Crossing the air gap is a different matter to crossing the soul gap. I have no conception of the mechanisms that God might use for this, beyond supernatural magic wands which isn't how I believe God operates anyway, so it's harder for me to have substantial faith for crossing the air gap. But when it happens, if it turns out that consciousness is contiguous with physical reality, then it'll be pretty gloriously awesome. This connection is central to Christian faith, Christianity is meaningless without it, and it is the very meaning of the name of God revealed to Moses: יהוה, Yahweh, "I am". The fundamental truth of the universe is "being".
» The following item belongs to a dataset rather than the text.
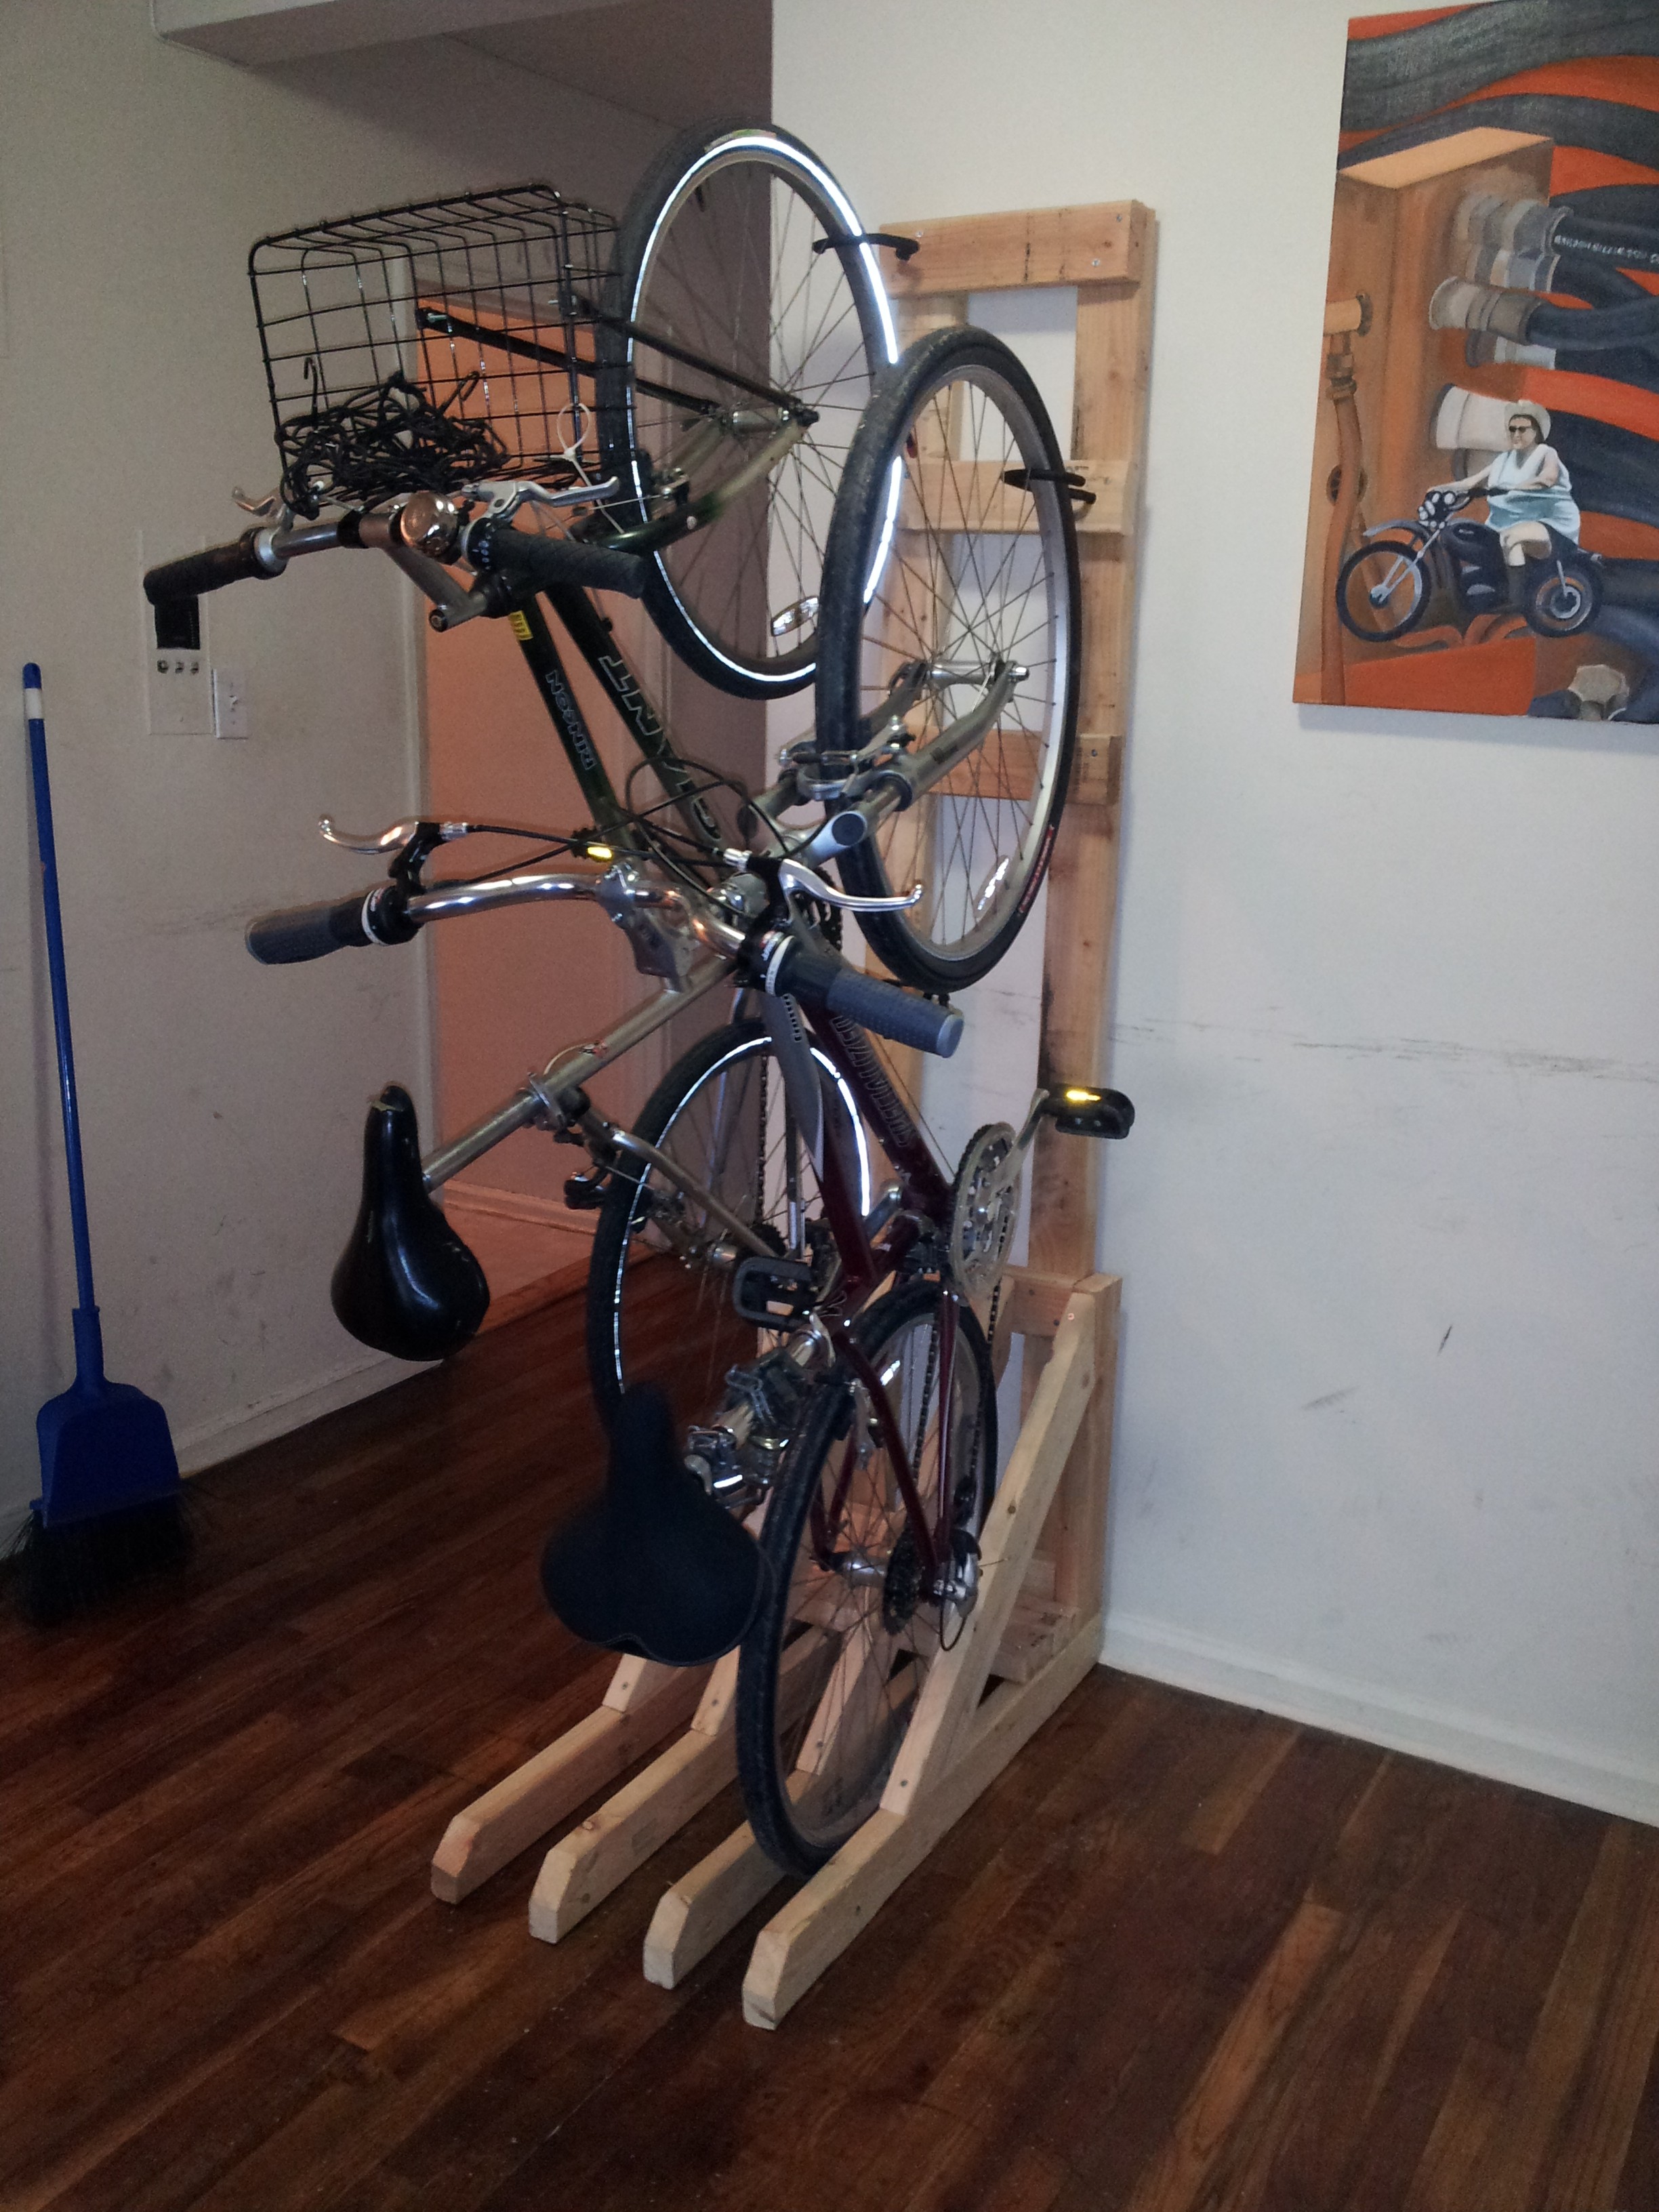 How to make a homemade bike rack

Is it worth hoping to cross the soul gap? Are we alone, island universes?  We like to think we're so very self-contained, but we are the product of history and chance. Everything about who we are, how we see the world and how we think, was shaped by the forces of genetics, nature and culture. And they produced everyone else alongside us too - the same forces that produced us also produced everyone else, and we all shape each other and the world around us in a glorious feedback cycle. The Greeks and Hindus attempt to abstract these common elements of the human psyche and culture, that extend out into the wider world, into gods with stories and personality. Jung called them "The Archetypes". Christians call these "personified" forces that shape lives and history (although really it is us that are "personified"), Angels and fallen angels.

So we're not truly separate. Who we are is mostly subconscious, our motivations, and desires and the prejudices and filters we apply to the world around us. Whether or not we're aware of it we're constantly influenced by (and in turn influencing) the same things as everyone else. We're unique in the particular pattern of these currents that have produced us, but it's the same currents of nature, culture and history that produce myriad unique souls in different colours and combinations. Abstraction or ultimate reality, who knows, but we're not as much of an island as we think we are. Our very nature has been formed, and is being formed, in glorious dis-harmony with everything around us.

If you're a Christian living in a western culture, is it just a happy coincidence (for you) that the religion you've decided is true just happens to be the one adopted by the prevailing culture that produced you, that you grew up with. Have you swallowed whole a mindset and belief system that shaped your culture, and therefore like-it-or-not the way you see the world, or have you really been transformed by the creative mind and heart that produced the universe - which is what you claim? Let's be real about who we are. The western Christian mindset, it's traditions and orthodoxy, is inextricably intertwined with politics and the historical culture this tradition grew up alongside (including entrenched misogyny, power and control structures plus many other unpalatable background truths about our culture).

Let's acknowledge this and dig deeper. Let's not be satisfied with half a life and beliefs swallowed whole without critical examination, with the form of religion but not the power. Because surely we want the truth, we want to meet the real God and know the reality of his life and power. And if it's not true let's work out the truth. If you're not willing to consider your beliefs, if you're not open to truth, then you're not really open to God. Being open to God means being able to discern the difference between truth and lies, being able to get beyond the soul's tendency to see patterns in everything. If you can't discern the difference then you can't really meet with God because you can't find truth if you can't reject falsehood. If your faith can't cope with this kind of examination, if questioning it causes it to evaporate, what kind of faith is it and where is its substance?

Let's not be stuck in the shallows but pursue real depth. If God is real, let's prove it together.

"The method of science, the aim of religion."